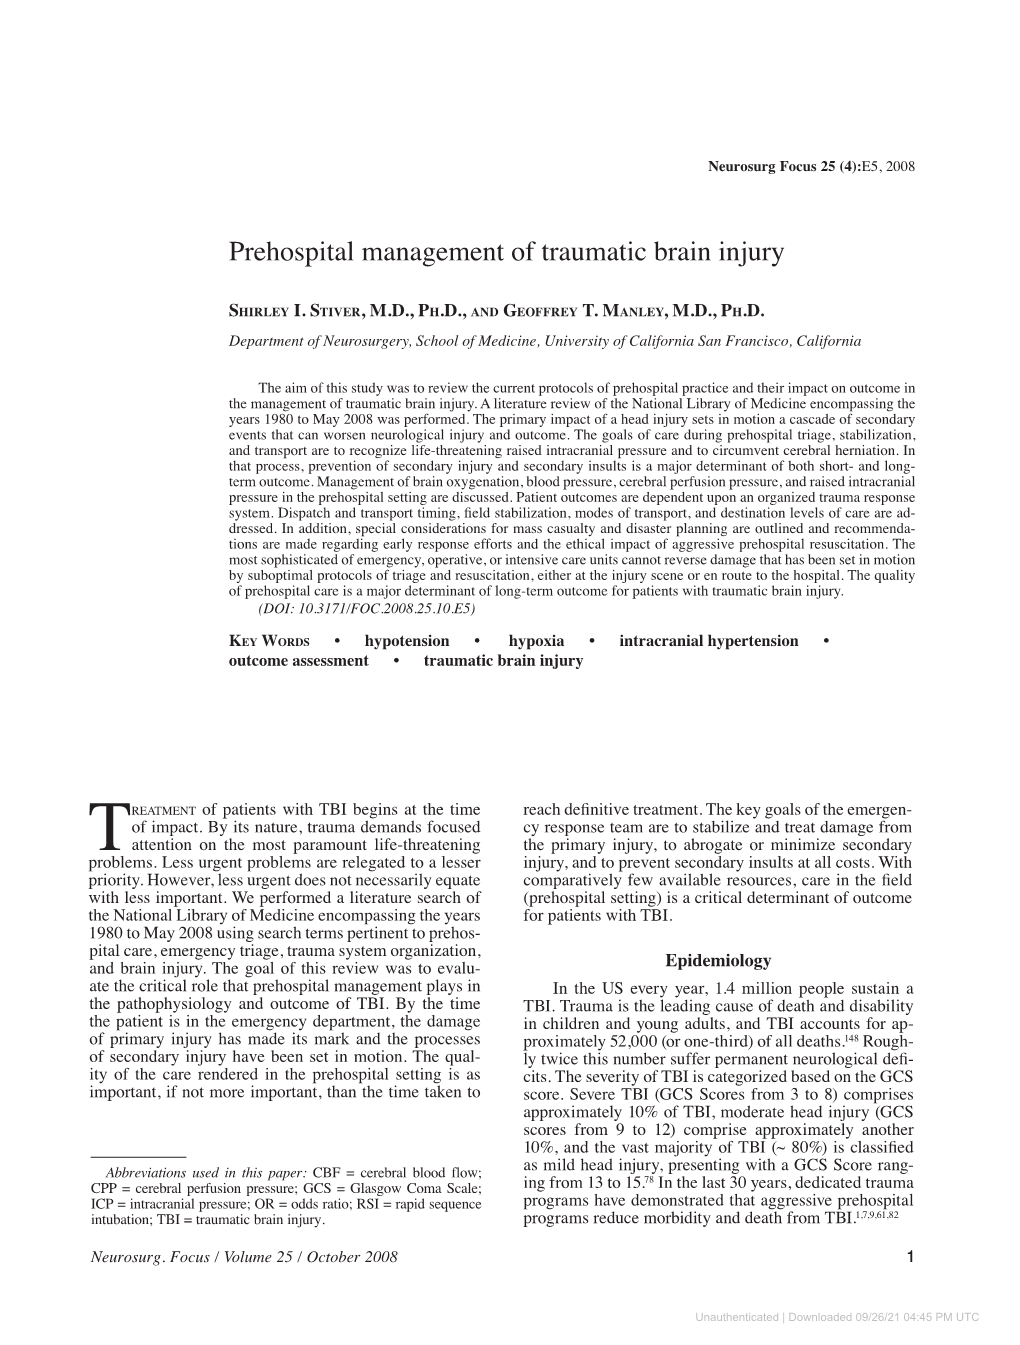 Prehospital Management of Traumatic Brain Injury
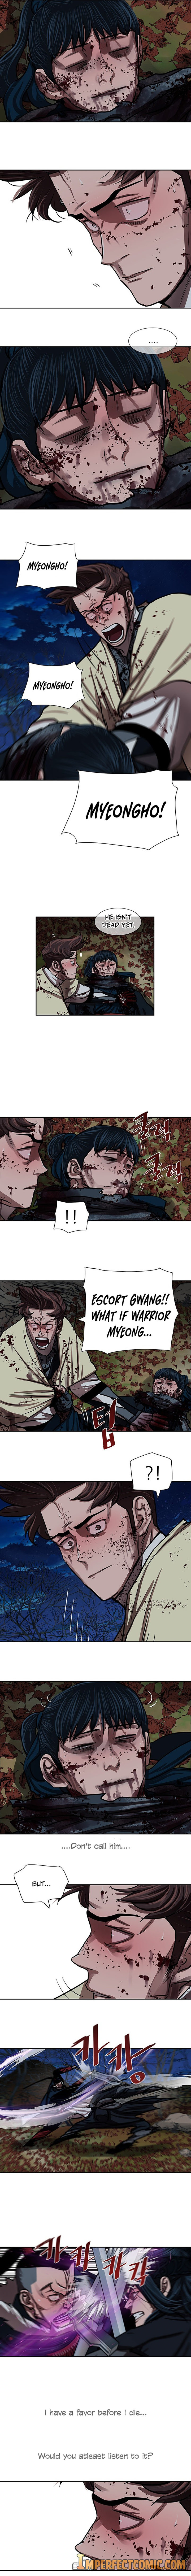 Escort Warrior - Chapter 141 Page 5
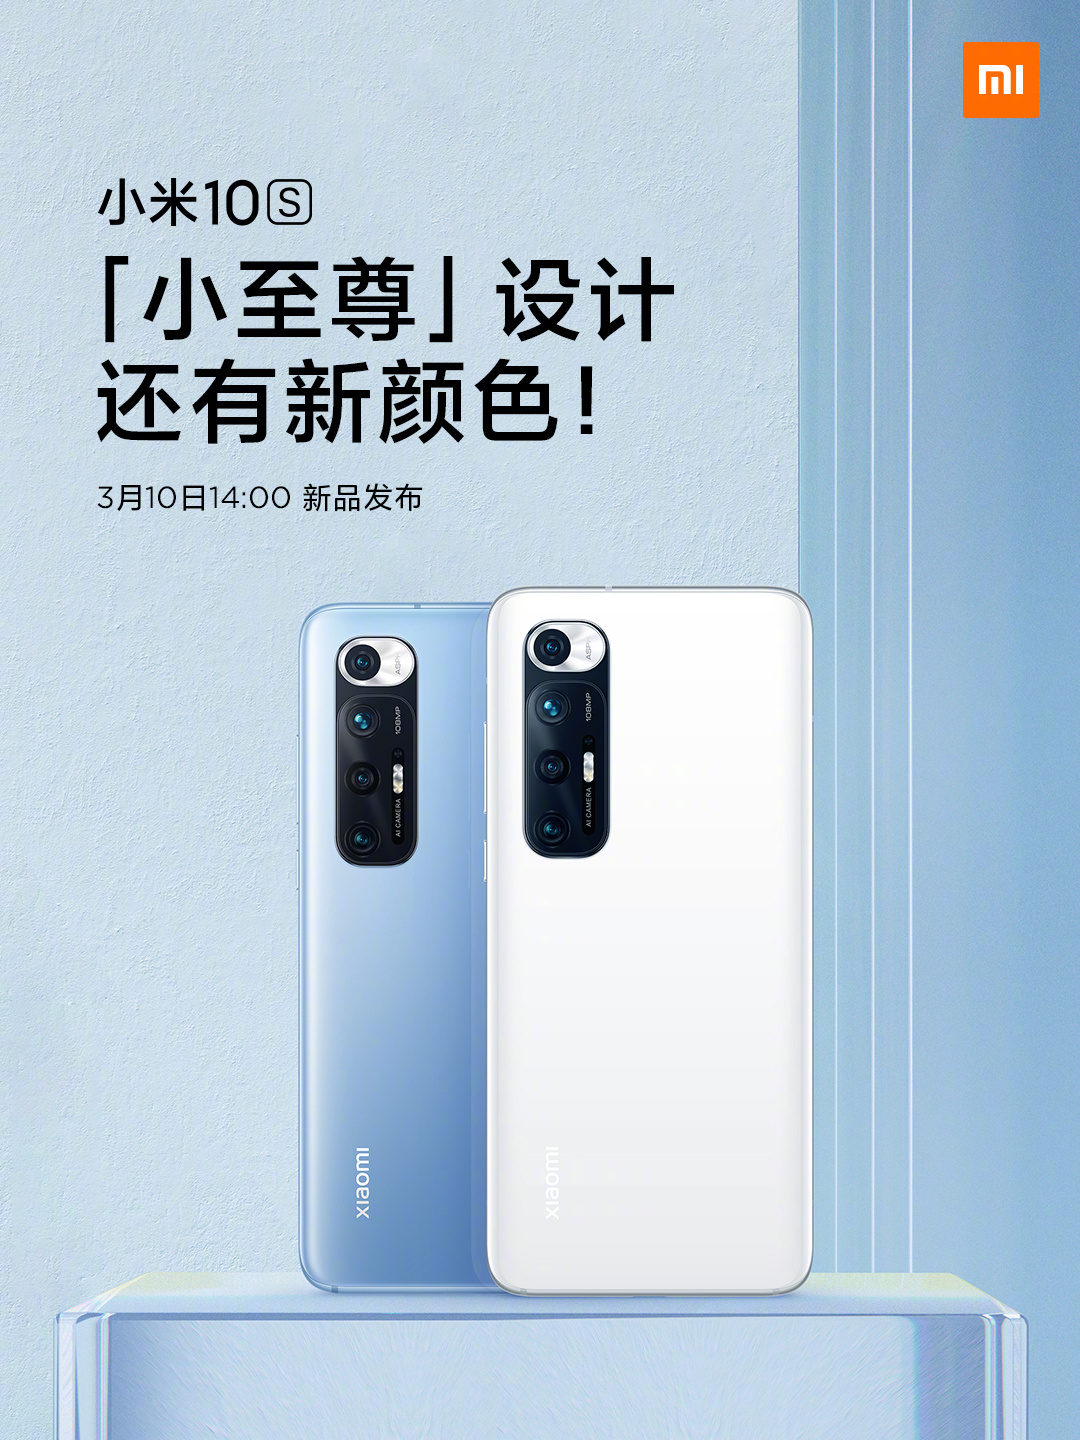  Стала известна дата Xiaomi Mi 10S - новинки компании Xiaomi  - xiaomi_nazvala_datu_anonsa_mi_10s___blizhajshej_novinki_brenda_2

________________________

### TASK PROMPT
Set the listing down exactly, without its pictures.

### SOLUTION TO THIS TASK
 Prehospital Management of Traumatic Brain Injury
 Escort Warrior - Chapter 141 Page 5
  Стала известна дата Xiaomi Mi 10S - новинки компании Xiaomi  - xiaomi_nazvala_datu_anonsa_mi_10s___blizhajshej_novinki_brenda_2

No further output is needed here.